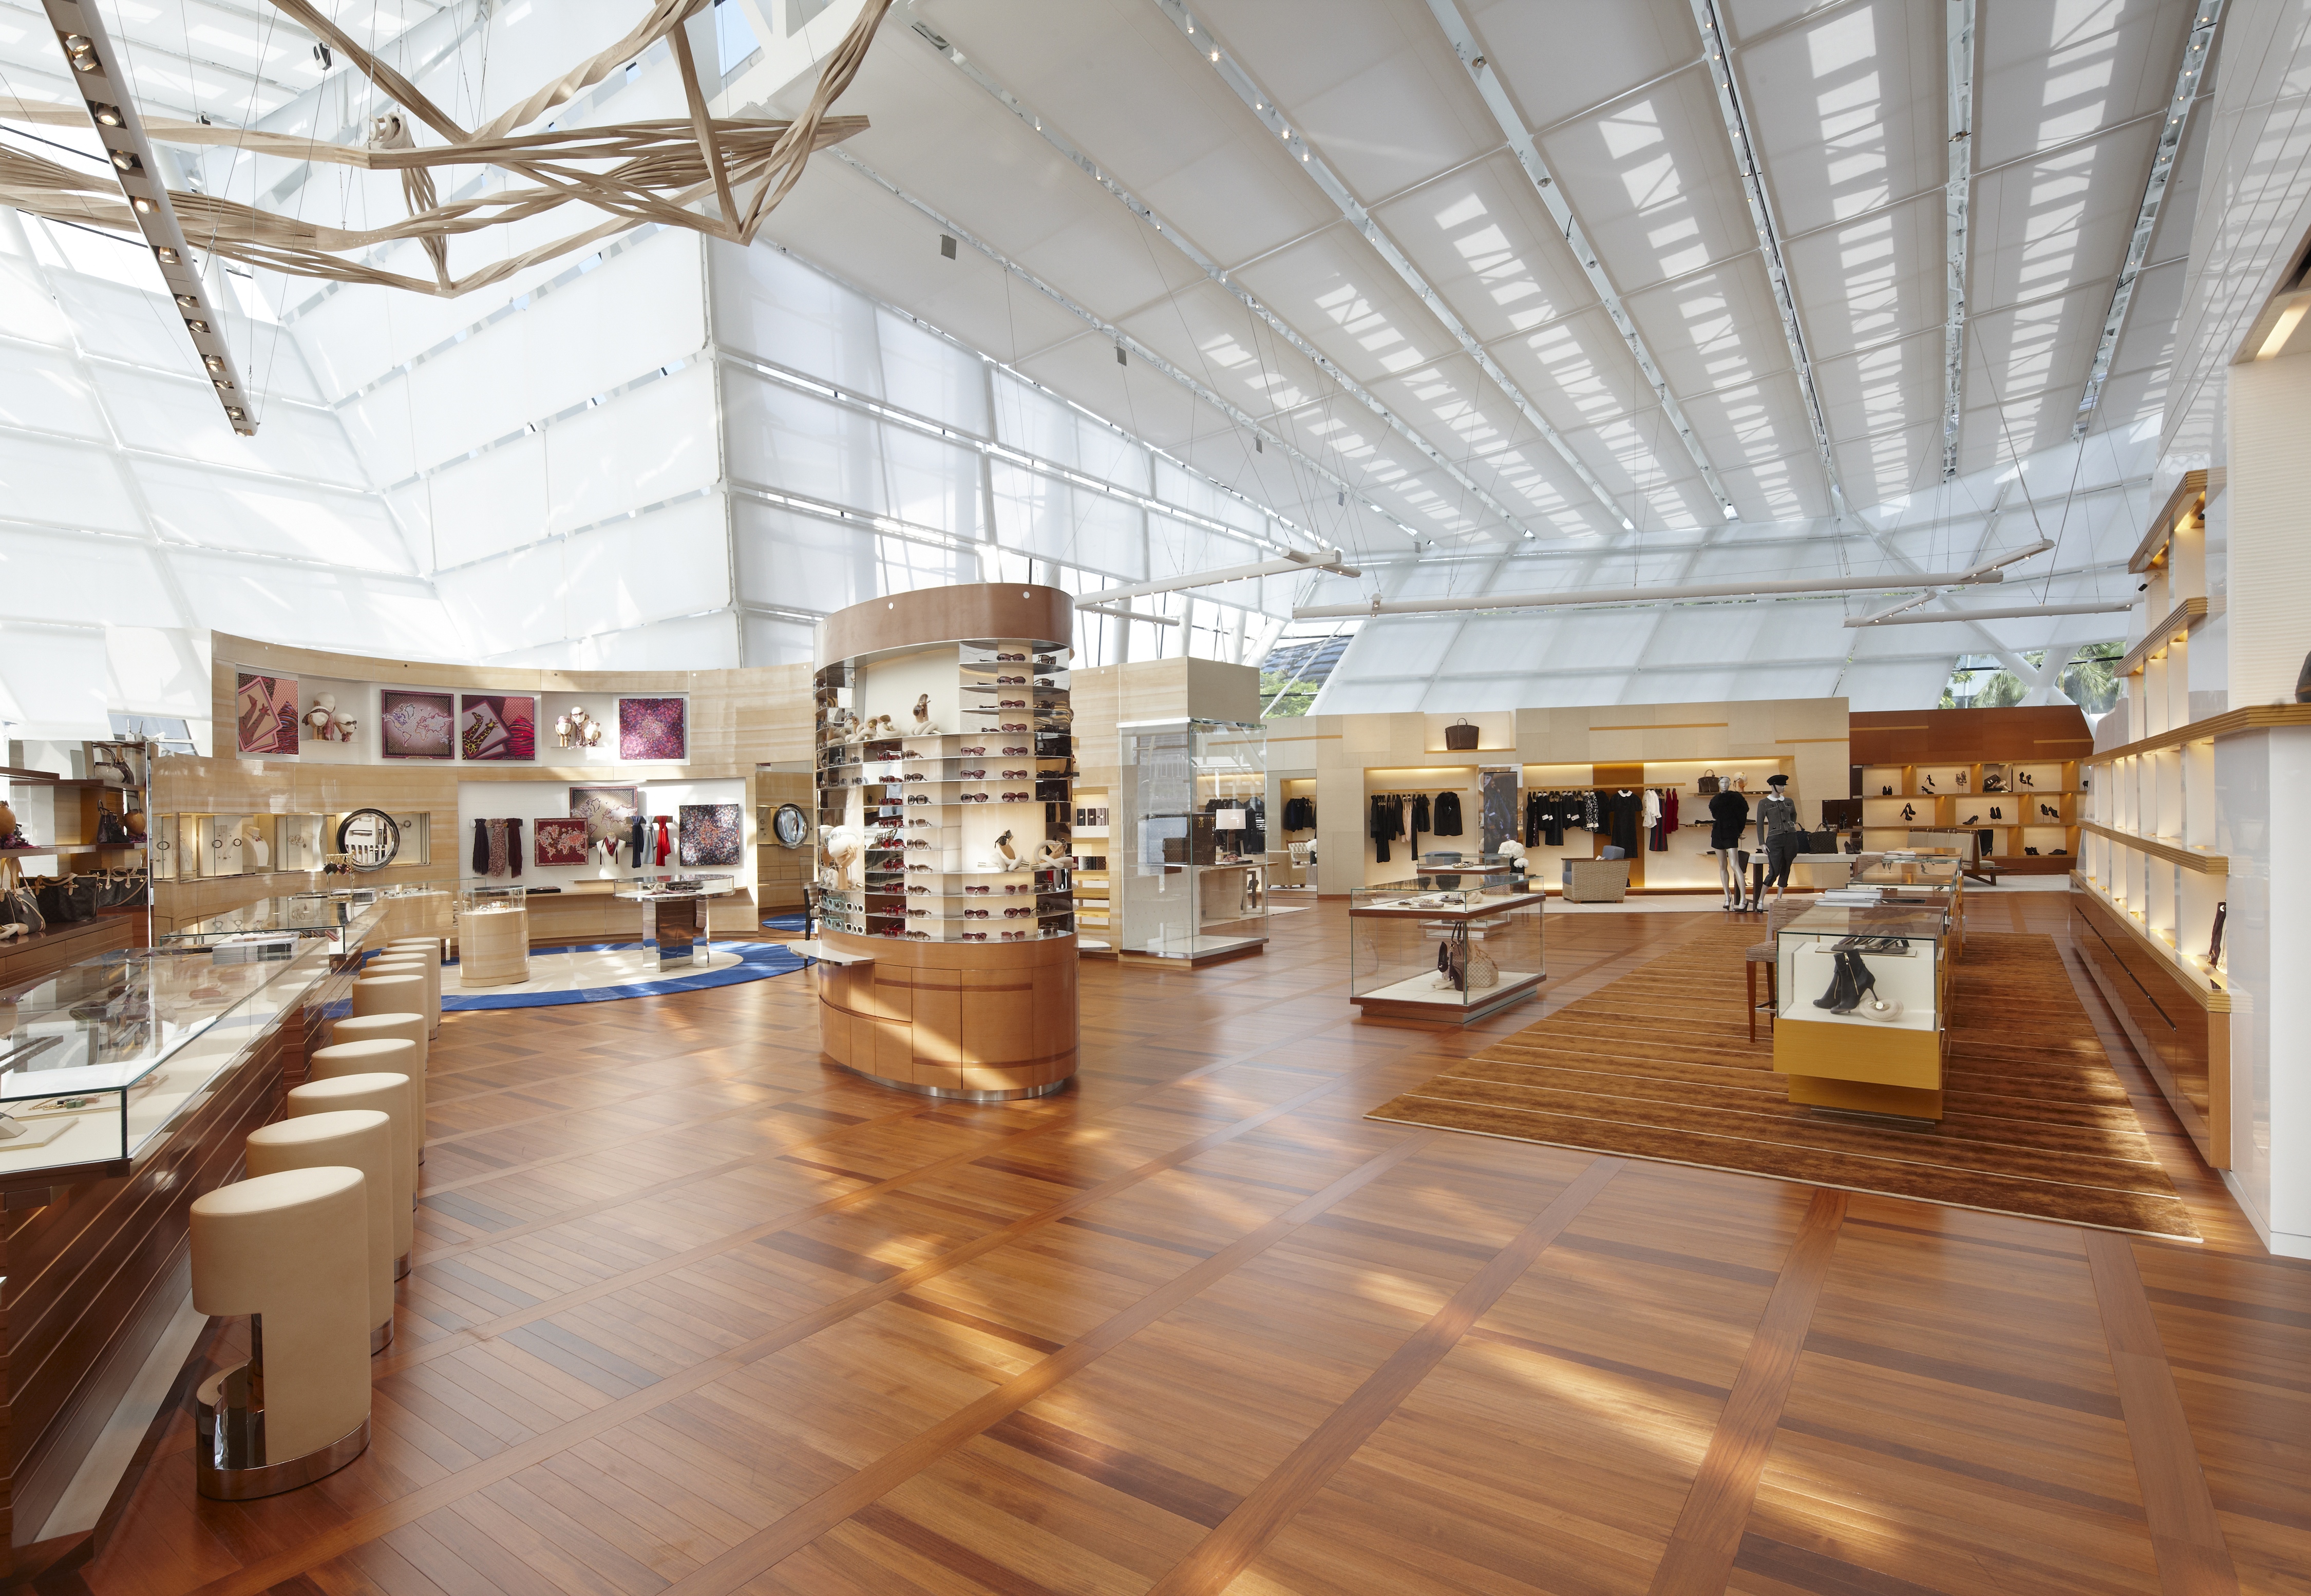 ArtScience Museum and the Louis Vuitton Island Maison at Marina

==

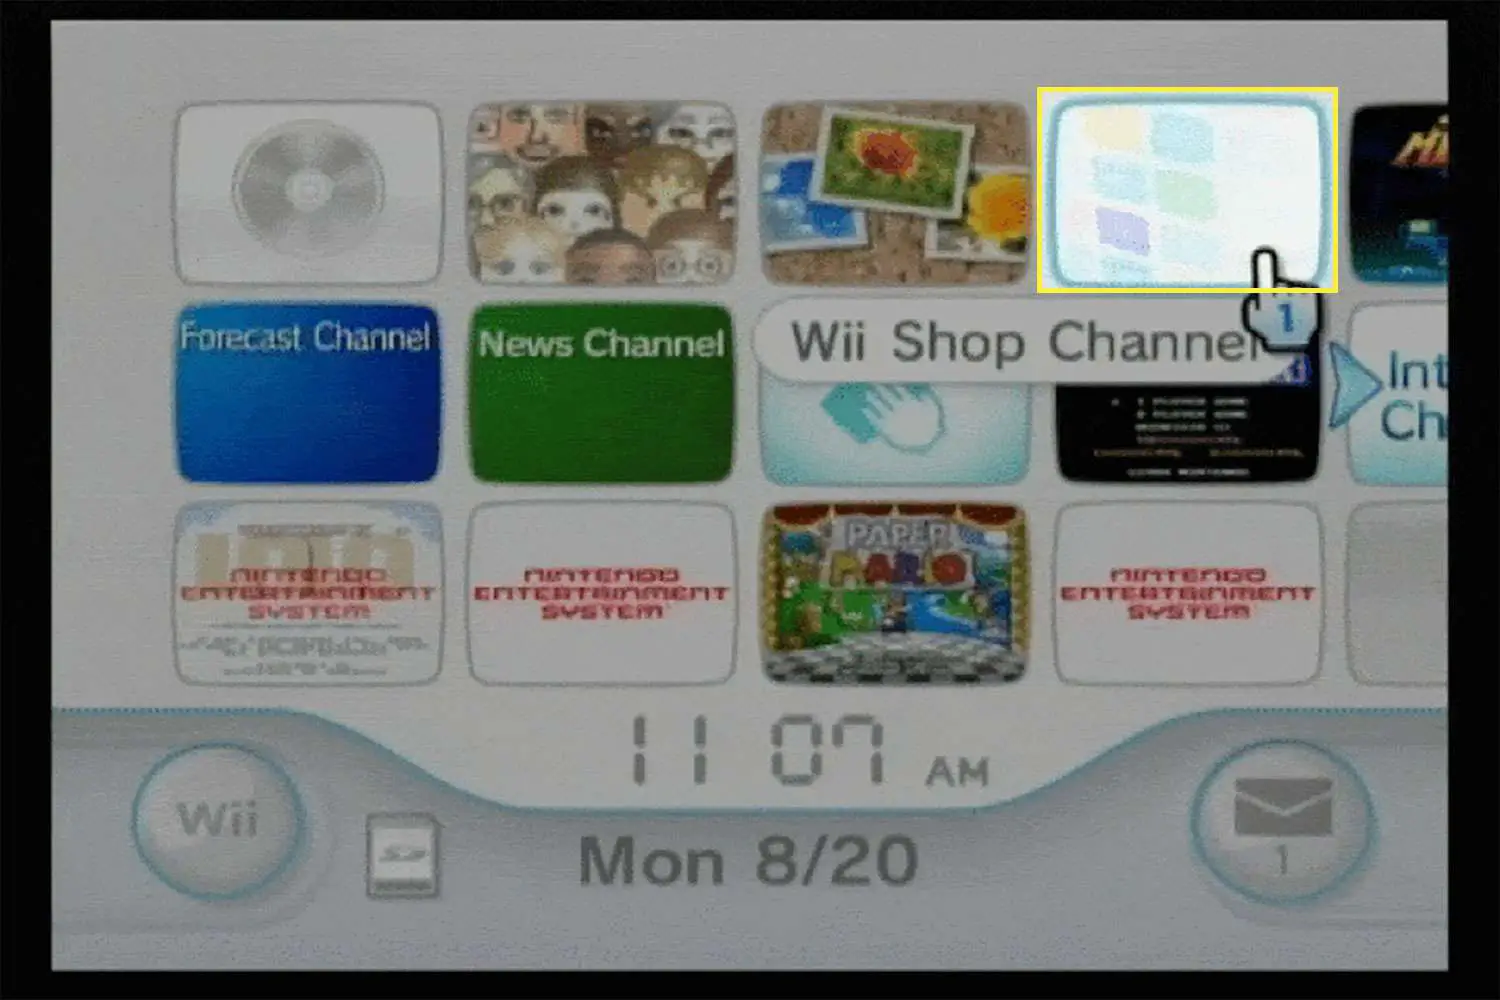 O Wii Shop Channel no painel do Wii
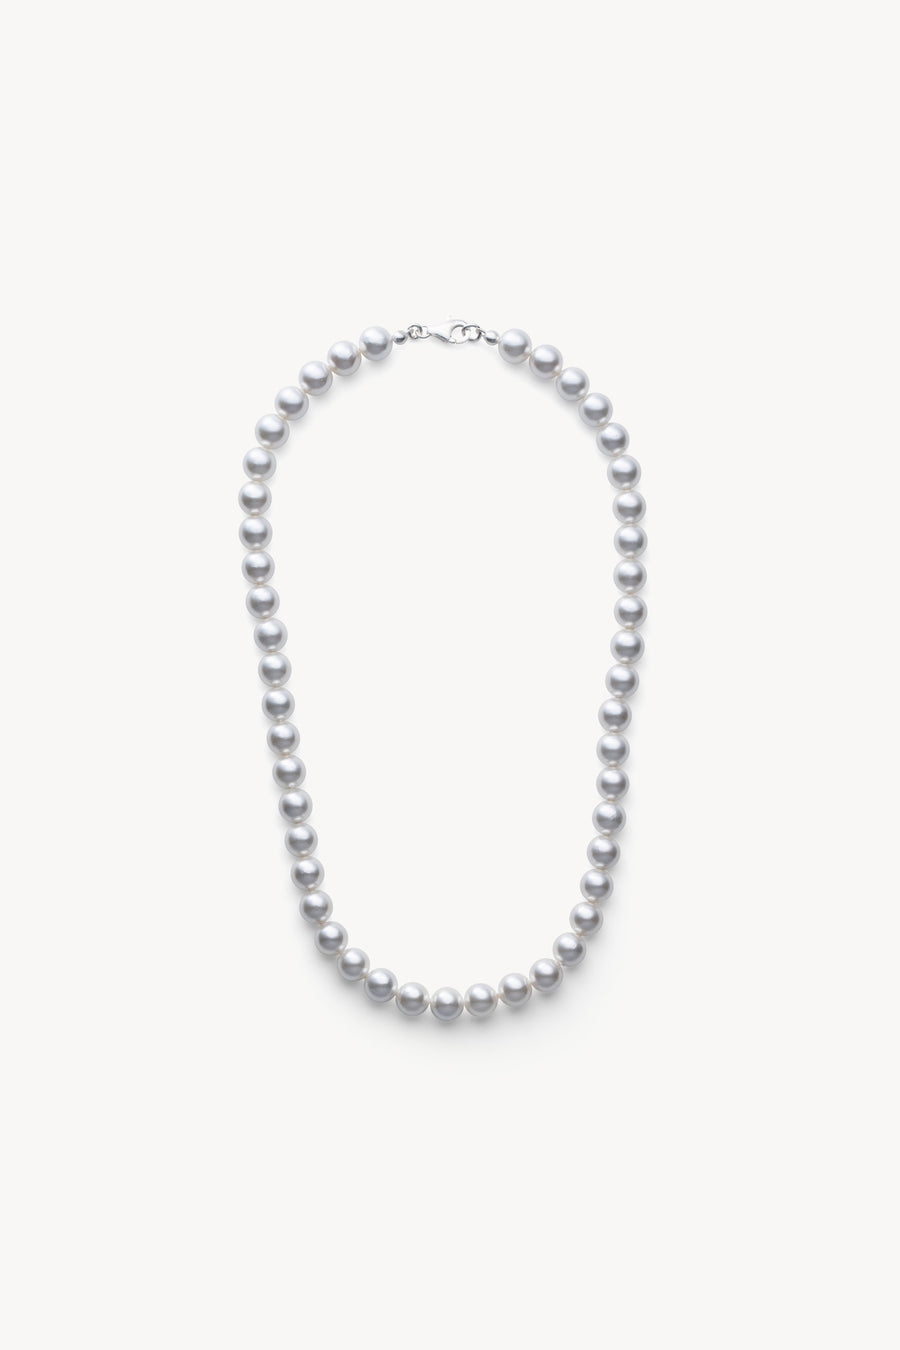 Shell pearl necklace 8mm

AIM OF THE TASK
Using the records above, repeat exactly the run of lines that starts with the line with "O Wii Shop Channel no painel do Wii" and goes on through the line with "Shell pearl necklace 8mm"; omit each picture.

ANSWER SPACE
 O Wii Shop Channel no painel do Wii
 Shell pearl necklace 8mm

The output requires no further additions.